Investor uproar over Wise's decision to transfer stock exchange to New York

In a significant move, the financial technology company, Wise, has decided to shift its primary listing from the London Stock Exchange (LSE) to the New York Stock Exchange (NYSE). The decision, which has been met with approval from more than 77% of Class A and over 81% of Class B shareholders at an extraordinary general meeting on July 28, 2025, marks a new chapter for the cross-border money transfer service.

The reasons behind this strategic move are manifold. Improved access to U.S. capital markets, which are larger and more liquid than the LSE, is one of the key drivers. Enhanced visibility and profile among global investors, especially in fintech-focused institutional segments, is another. Strategic positioning in a leading fintech hub, supporting Wise’s growth and mission, completes the picture.

Despite some initial reservations, the data shows strong shareholder support without a revolt. Notably, one of Wise's founders, Taavet Hinrikus, urged investors to vote against the move due to concerns about shareholder rights. However, the move is expected to become effective in the second quarter of 2026, positioning Wise to accelerate growth, enhance valuation prospects, and reinforce its competitive standing globally in fintech.

It is worth noting that Wise will maintain a secondary listing on the LSE, thereby retaining its ties to the UK market while prioritizing the U.S. market for capital and investor engagement.
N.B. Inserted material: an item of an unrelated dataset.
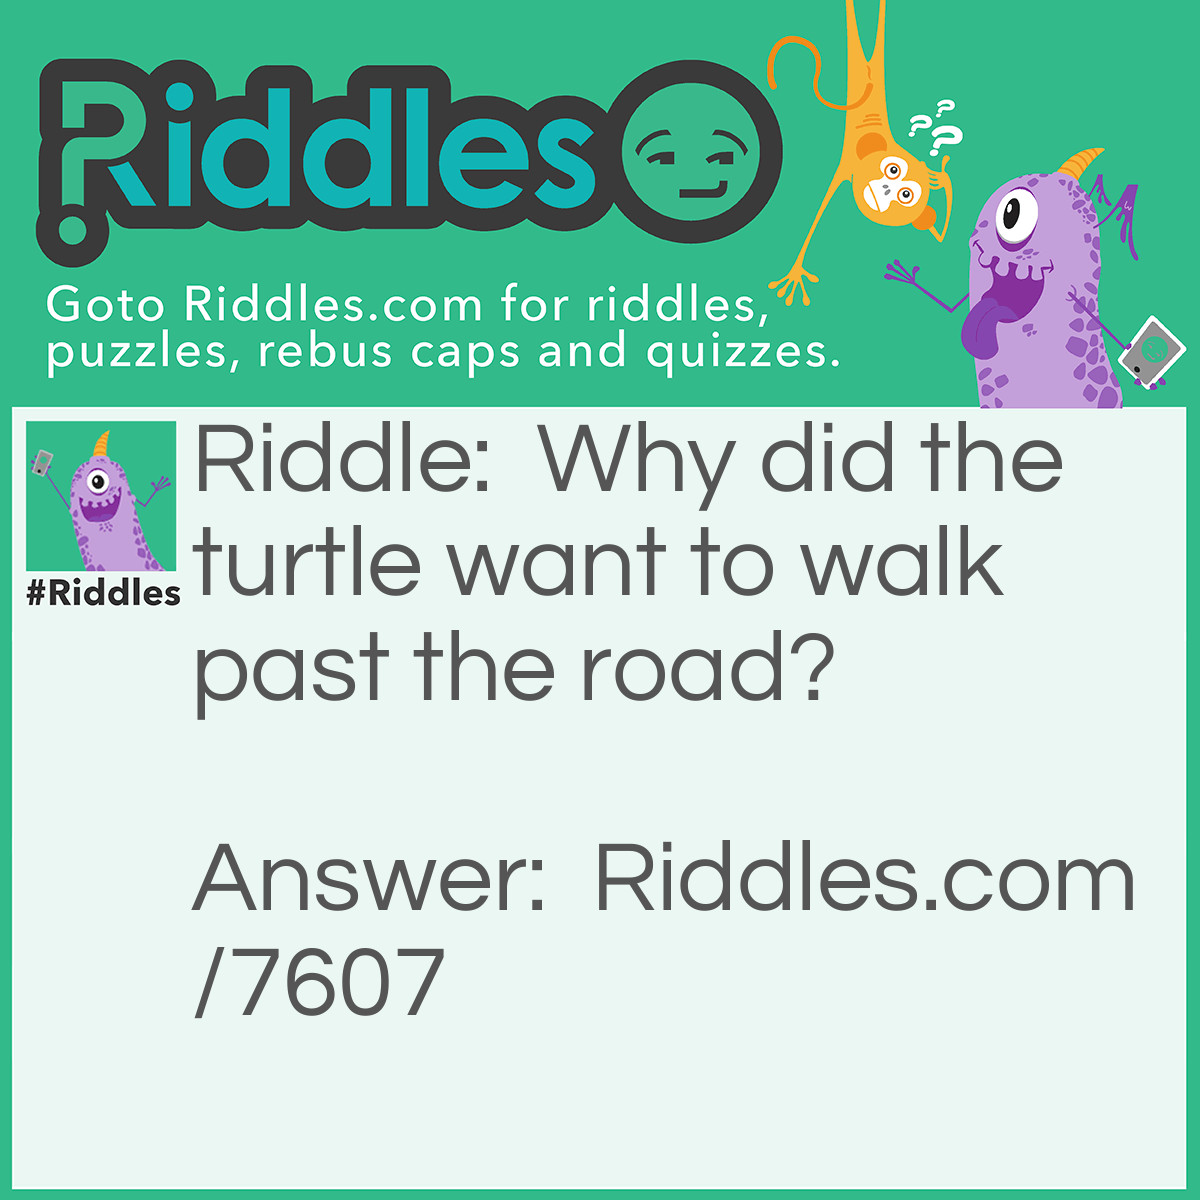 Riddle: Why did the turtle want to walk past the road? Answer: Because he wanted to go to shell station.

The move reflects a broader trend where prominent financial services and fintech firms shift primary listings to the U.S. to capitalize on deeper capital pools and investor demand.

For investors interested in comparing the best investing accounts, this article provides options to do so. The editorial team of This is Money has selected AJ Bell, Hargreaves Lansdown, InvestEngine, Trading 212, and interactive investor as worth highlighting. Each of these companies offers unique features and benefits, and it's essential to research and compare them before making a decision.
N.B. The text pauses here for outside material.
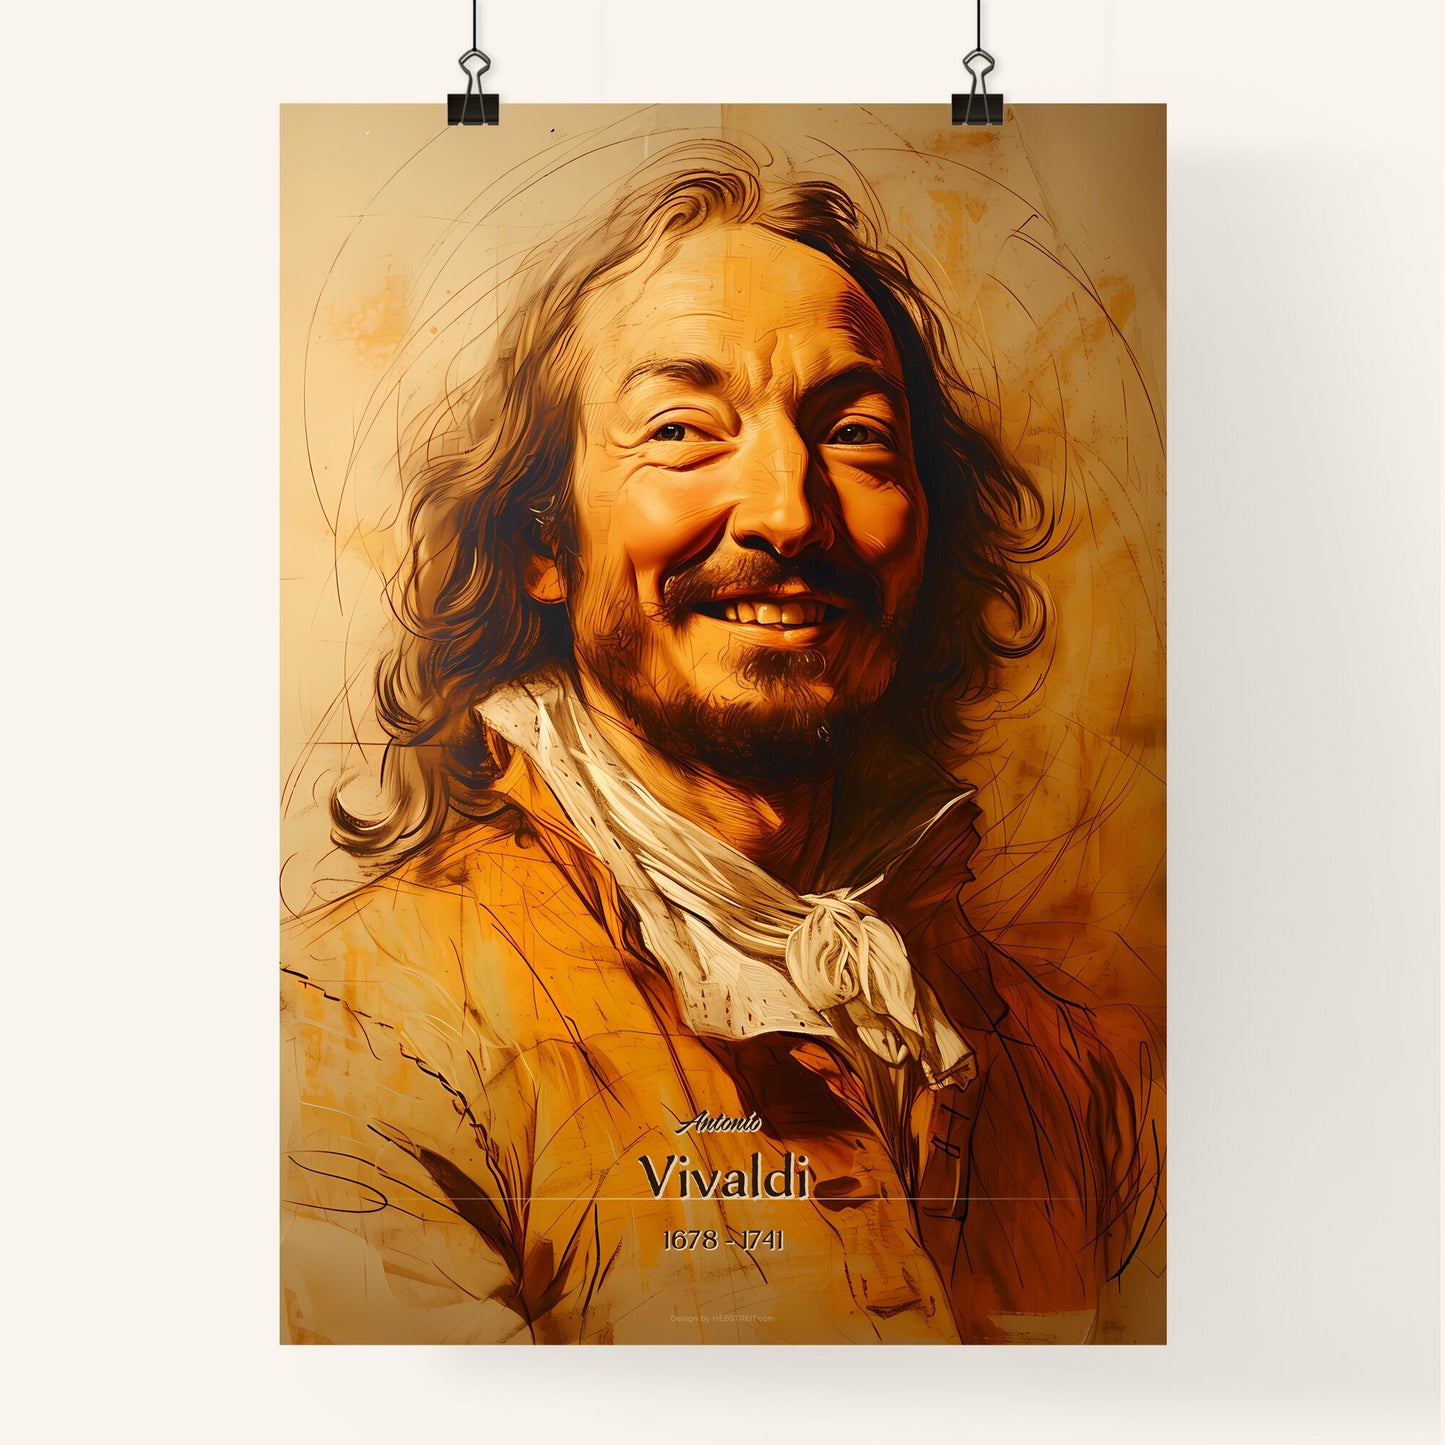 Antonio, Vivaldi, 1678 - 1741, A Poster of a man with long hair and a beard Default Title

In conclusion, while some investors might have had reservations, the data shows strong shareholder support without a revolt. The main drivers are strategic capital market access and growth acceleration, with important implications for Wise’s market presence and investor relations worldwide.
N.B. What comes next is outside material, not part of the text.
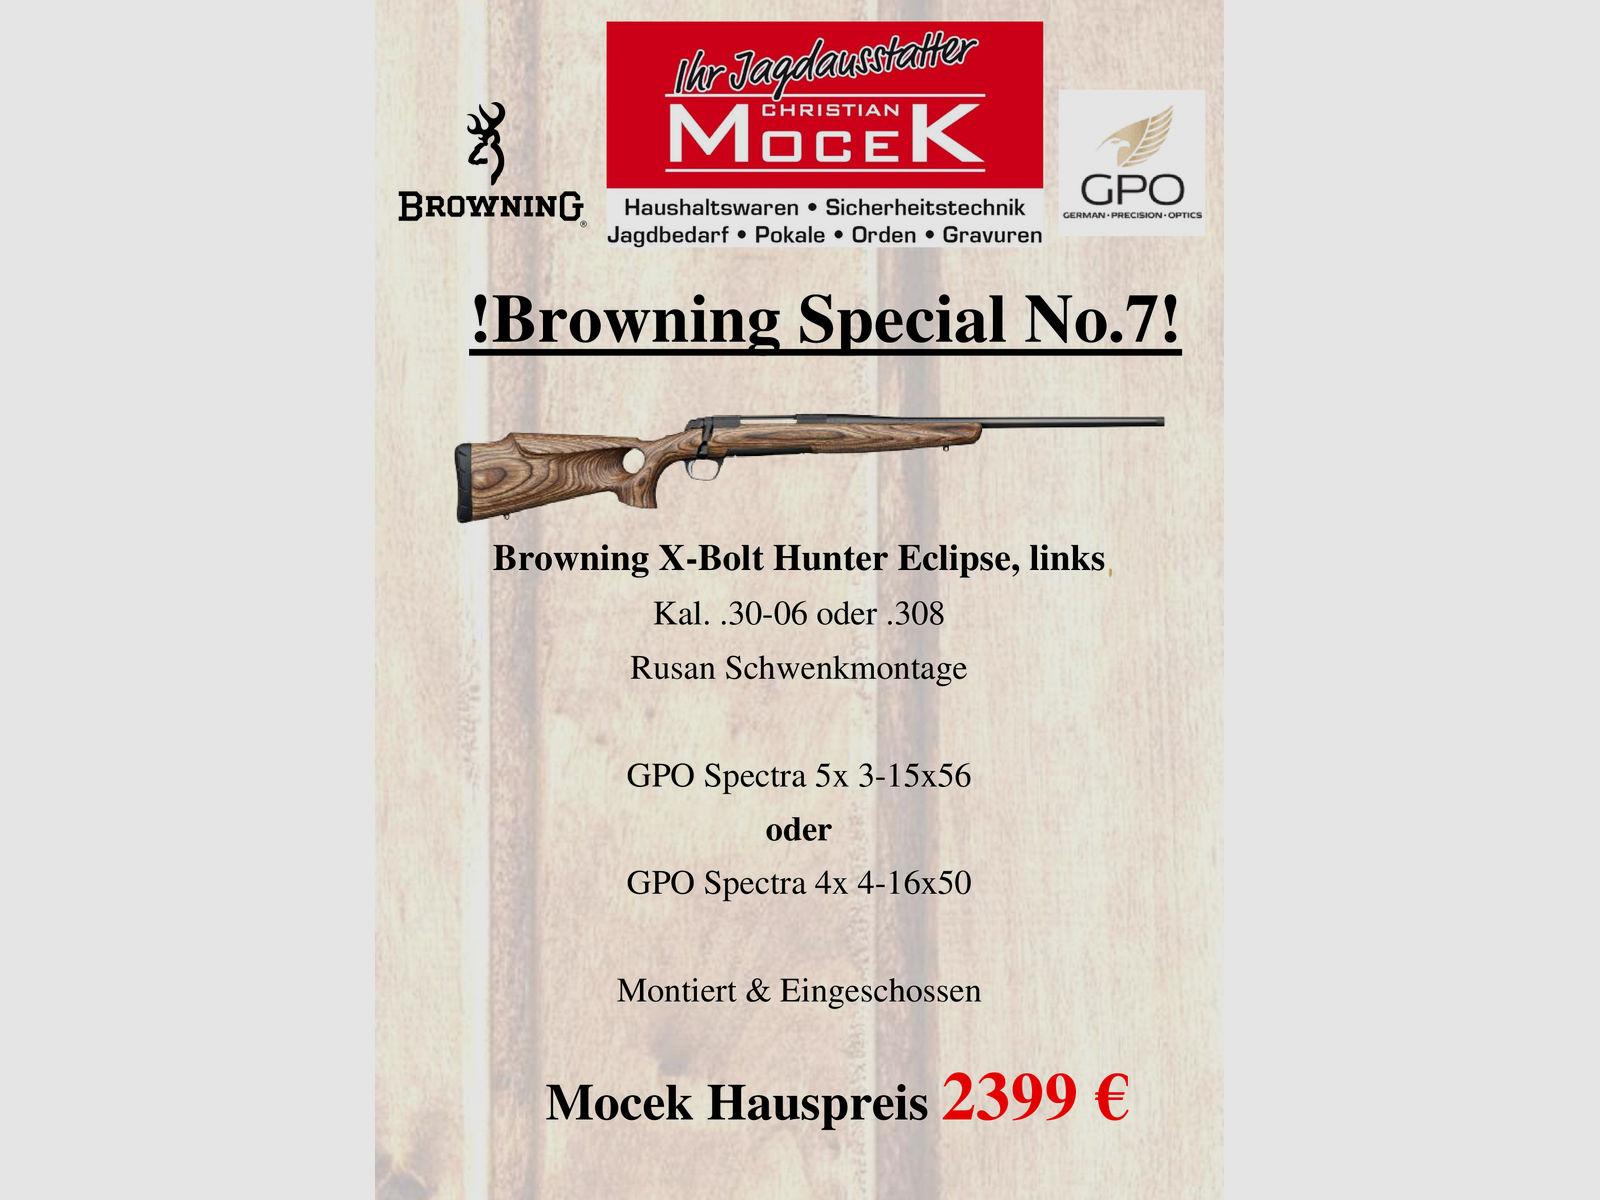 Browning X-Bolt Hunter Eclipse, mit GPO Spectra, links

[1] Wise Annual Report 2024 [2] Financial Times, "Wise to move primary listing to New York," 24 July 2025 [3] BBC News, "Wise shareholders back move to New York," 28 July 2025 [4] This is Money, "Best Investing Accounts," 29 July 2025 [5] Wise Press Release, "Wise Announces Plan to Move Primary Listing to New York," 23 July 2025

  1. The strategic move by Wise to list their primary shares on the New York Stock Exchange is driven by improved access to U.S. capital markets, enhanced visibility among global investors, and positioning themselves in a leading fintech hub, all of which are expected to accelerate growth and reinforce their competitive standing.
  2. As Wise prepares to transition to the NYSE, it's essential for investors to research and compare various investing accounts, such as AJ Bell, Hargreaves Lansdown, InvestEngine, Trading 212, and interactive investor, to make informed decisions regarding their investments in this burgeoning fintech company.